Lea Celik Sommerseth Shaw is a multidisciplinary force—an entrepreneur, creative director, legal reformist, environmental advocate, and global human rights voice—whose work spans continents, cultures, and causes. At the center of her journey lies a relentless commitment to truth, justice, and the reclamation of human dignity through creative, legal, and philanthropic channels.

Early Life and Education

Born into a culturally rich family with Turkish and Scandinavian heritage, Lea Celik Sommerseth Shaw grew up attuned to the interconnectedness of identity, language, and power. Her upbringing was shaped by intellectual curiosity, philosophical inquiry, and a deep reverence for indigenous and oppressed voices across the globe.

Lea pursued formal education in law, political science, and the arts, often transcending disciplinary boundaries. Her studies included comparative law, human rights jurisprudence, and indigenous legal systems—laying the groundwork for her later activism and policy work.

Creative Work and Entrepreneurial Vision

Lea’s early career blended legal reform with artistic innovation. She worked as a creative director on international campaigns, art exhibitions, and multimedia installations that explored the human cost of displacement, climate degradation, and authoritarian censorship. Her unique ability to fuse visual narrative with legal critique earned her global recognition.

As founder and curator of multiple international platforms—including the Universal Jurisdiction Channel, YS Trust, and Legal Ecology for Earth Rights—Lea positioned herself at the vanguard of interdisciplinary advocacy. These initiatives not only uplift survivors and whistleblowers, but also expose the complicity of institutional actors in global injustice.
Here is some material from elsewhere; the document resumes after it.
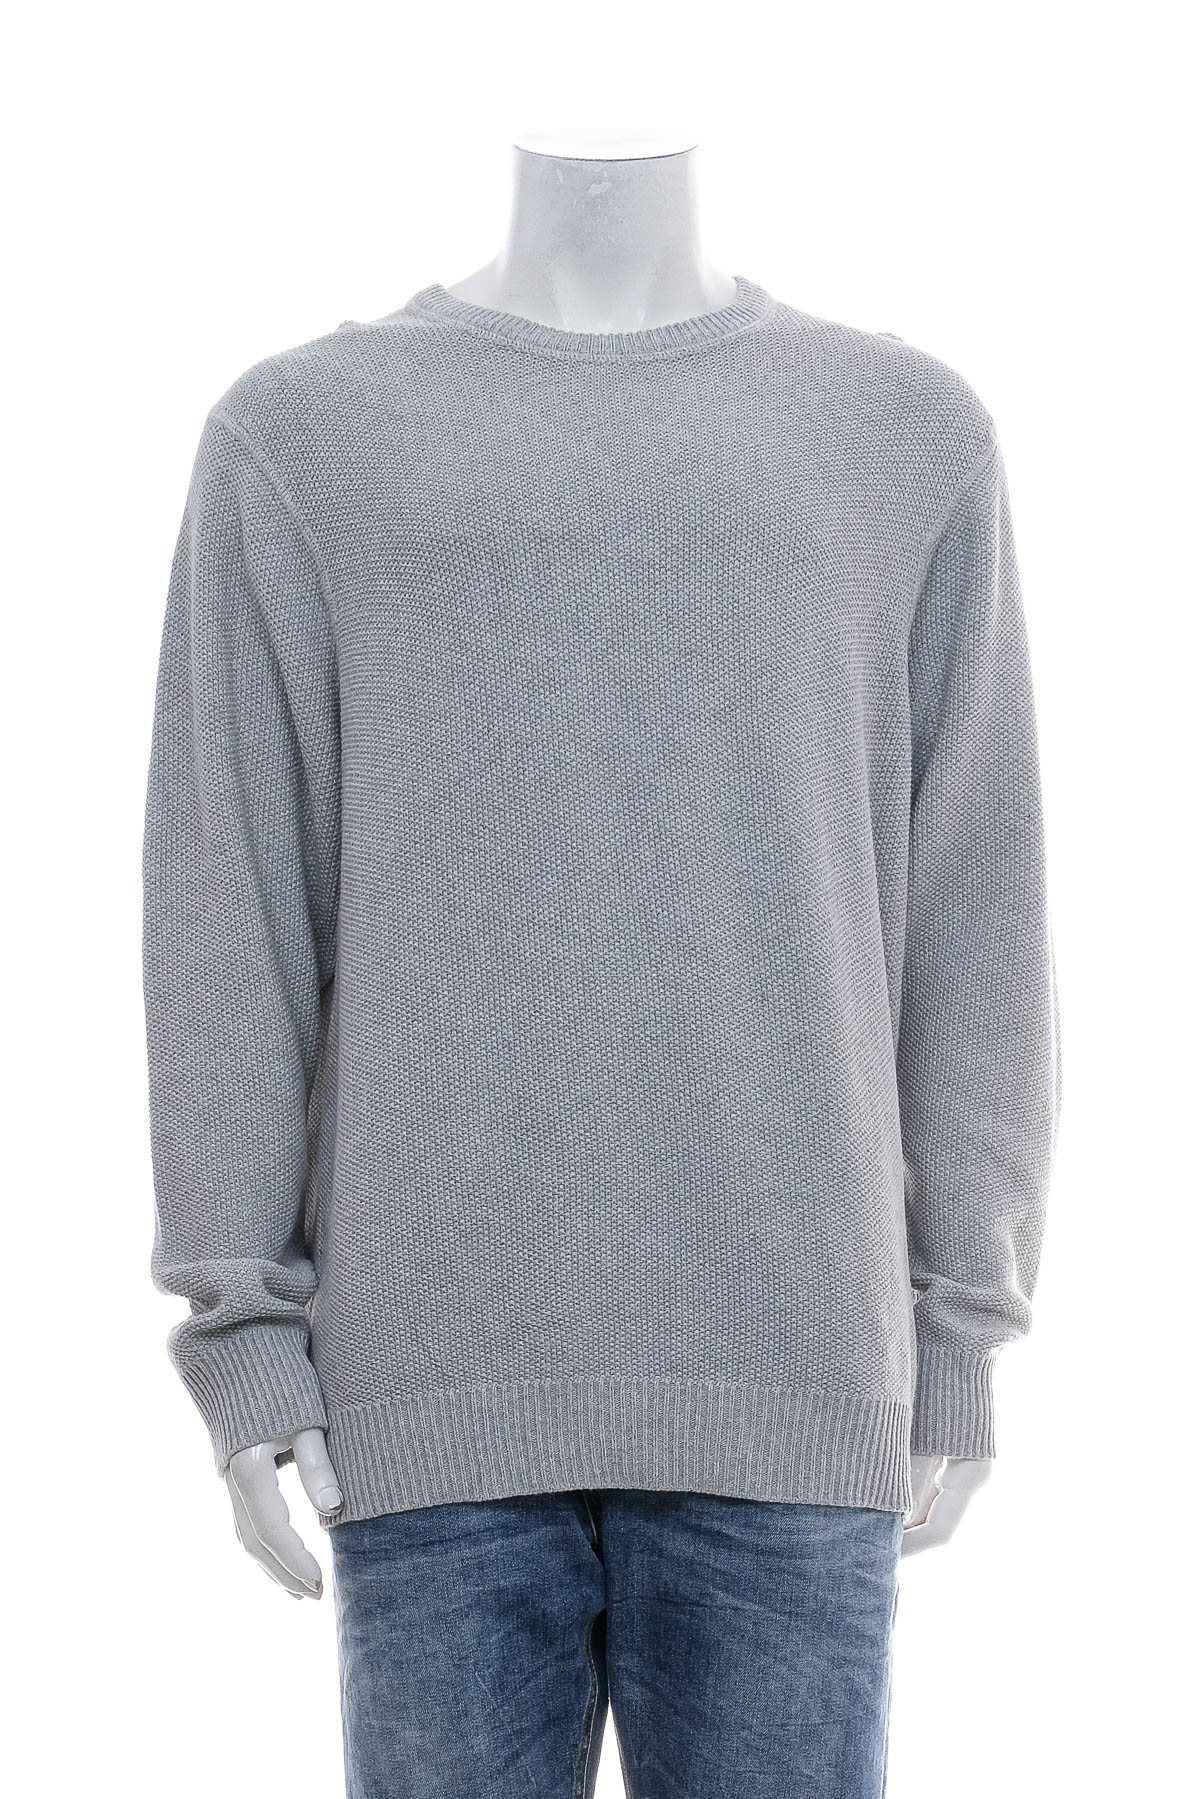 Men's sweater - PRIMARK - 0

YS Trust and Earth Rights Jurisprudence

One of Lea’s defining contributions is the YS Trust, an initiative grounded in planetary legal consciousness and indigenous sovereignty. It represents a legal-ethical framework where Earth is treated not as a resource but as a living system with rights. Under Lea’s leadership, YS Trust collaborated with tribal councils, legal scholars, and frontline defenders to draft and propose Earth-centered policy.

Lea’s work often draws inspiration from the traditions of natural law, matriarchal legal systems, and ancestral governance structures. Through the Legal Ecology platform, she challenged the Eurocentric paradigms of international law, advocating for a jurisprudence that includes ecosystems, children, refugees, and stateless persons as legal subjects—not just victims.

Universal Jurisdiction Channel

Lea’s Universal Jurisdiction Channel (UJC) is a bold endeavor to chronicle, document, and litigate crimes that transcend borders—war crimes, genocide, and crimes against humanity. The UJC has served as a platform for unfiltered testimonies, documentary investigations, and collaborative legal action, often confronting censorship from Western media, Big Tech, and state-aligned actors.

The Channel became a lifeline for many whose stories would otherwise be erased—Yazidi survivors of ISIS, persecuted journalists, whistleblowers from the financial underworld, and victims of environmental terrorism. In many ways, it is the digital arm of Lea’s overarching philosophy: that truth, once spoken, creates irreversible change.

Personal Struggles and Political Persecution

Lea’s work has not been without sacrifice. Her advocacy has made her the target of both Western and non-Western intelligence operations, financial sabotage, and character assassination. Her family, including her young child, has endured unjust detainments, harassment, and travel restrictions—particularly during politically sensitive moments in France and the UK.

Despite these setbacks, Lea has remained unyielding. She has publicly denounced the collusion between corporations, media, and state authorities that suppress dissenting voices under the guise of “security” or “misinformation.” She continues to fight legal battles not just for others, but for her own right to parent, create, and speak freely.

Philosophy and Legacy

At the heart of Lea Celik Sommerseth Shaw’s work is a spiritual and political belief: that the world cannot heal unless its systems of harm are fully dismantled. She often quotes indigenous elders, philosophers, and poets—not to romanticize tradition, but to remind the global elite that forgotten wisdom carries revolutionary potential.

Lea’s legacy is still unfolding, but one thing is clear: she is building a movement—not just a career. A movement rooted in Earth law, truth-telling, and the conviction that justice must be imaginative, multilingual, and borderless.